Research questions for registries range from purely descriptive questions aimed at understanding the characteristics of people who develop the disease and how the disease generally progresses, to highly focused questions intended to support decision-making [1]. Research questions in registry-based studies are generally hypothesis generating (i.e. developing hypotheses after the data are collected and new knowledge is gained) or evidence building, rather than hypothesis testing. However, registries focused on determining clinical effectiveness, cost-effectiveness or risk assessment are commonly hypothesis driven [1][9][11]. Regardless of the nature of research questions (or hypotheses) it is crucial for a registry planner to define them because all further decisions (e.g. registry population, what data will be collected and analysed) and work in a registry development process are guided by research questions of interest. Proper formulation of a research question or hypothesis is not an easy task and should not be underestimated. An improperly defined, unfocused or underdeveloped research question or hypothesis can generate a risk for not getting the right results and accomplished objectives of a registry. Accordingly, it is highly recommended that a registry developer invests/spends required time to suitably develop a research question or hypothesis.

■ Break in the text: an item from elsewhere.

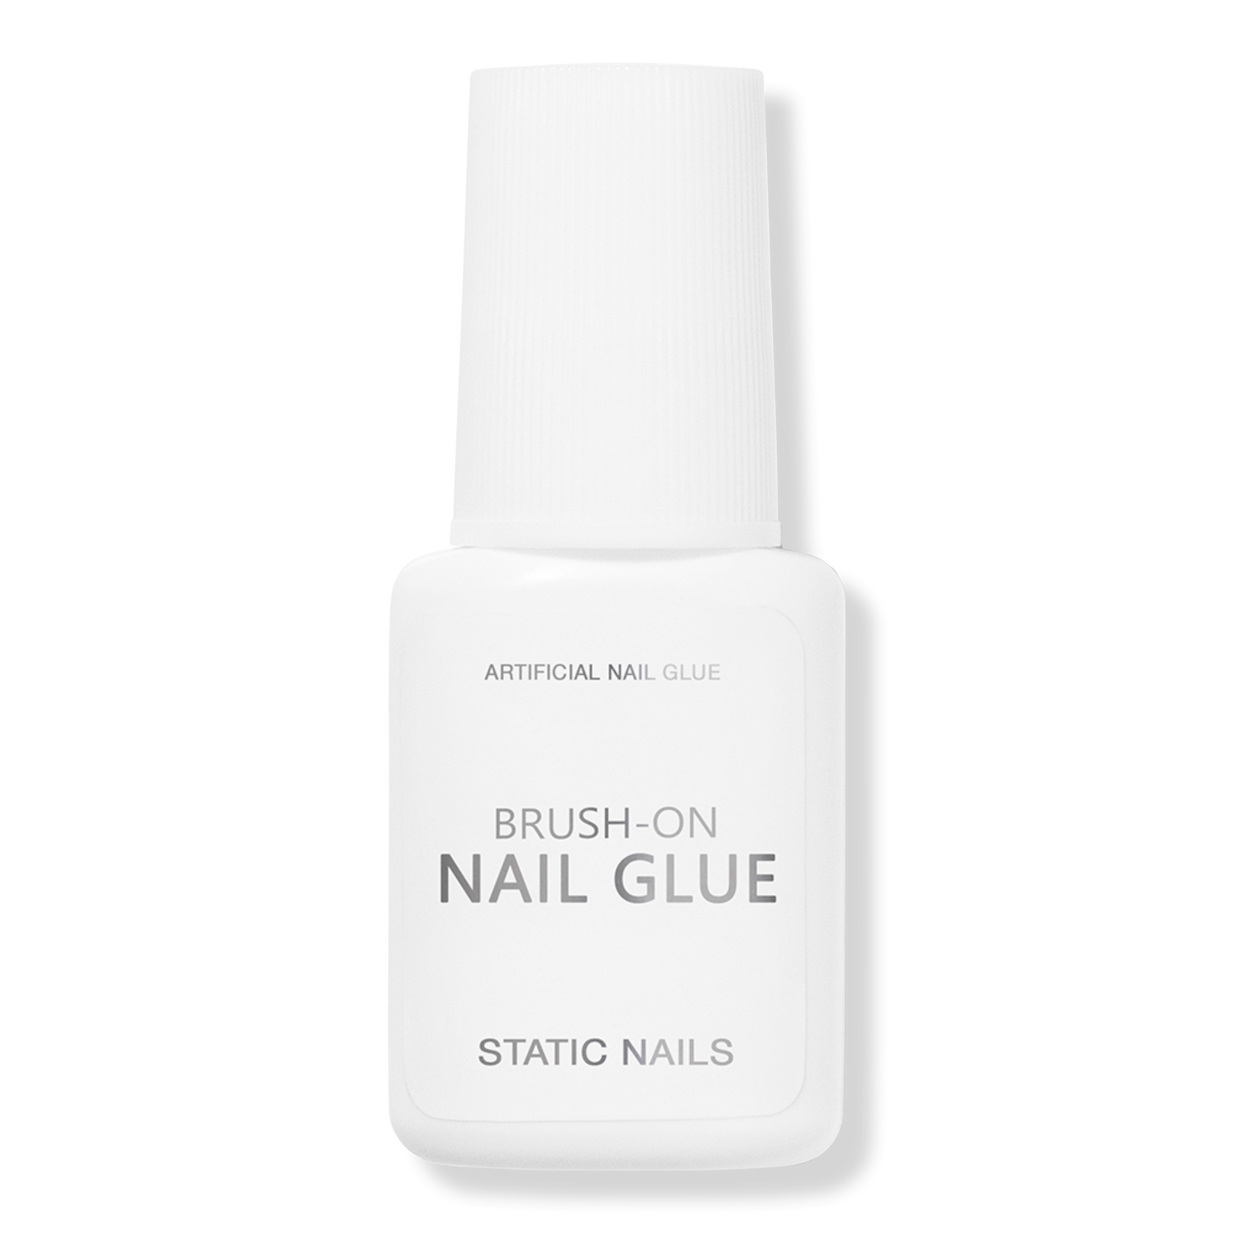 Nail Tips Series / Nail Tip Shapes / Nail Glue

(Research) ideas as a foundation for developing a research questions or hypotheses are typically gathered by literature review, critical appraisal of the published clinical information, brainstorming with colleagues, seeking experts’ opinions, and evaluating the expressed needs of the patients, health care providers [1][12]. The clinical questions of interest can also be defined by payers/sponsors of the registry. Thus, it is not uncommon that multiple questions are set as a result of the interests of different stakeholders. In that case a registry planner should be aware that a higher number of research questions can increase the complexity of a registry study design and subsequent collection of data and statistical analysis. Registry developers should therefore assess whether it is feasible to answer every question of interest.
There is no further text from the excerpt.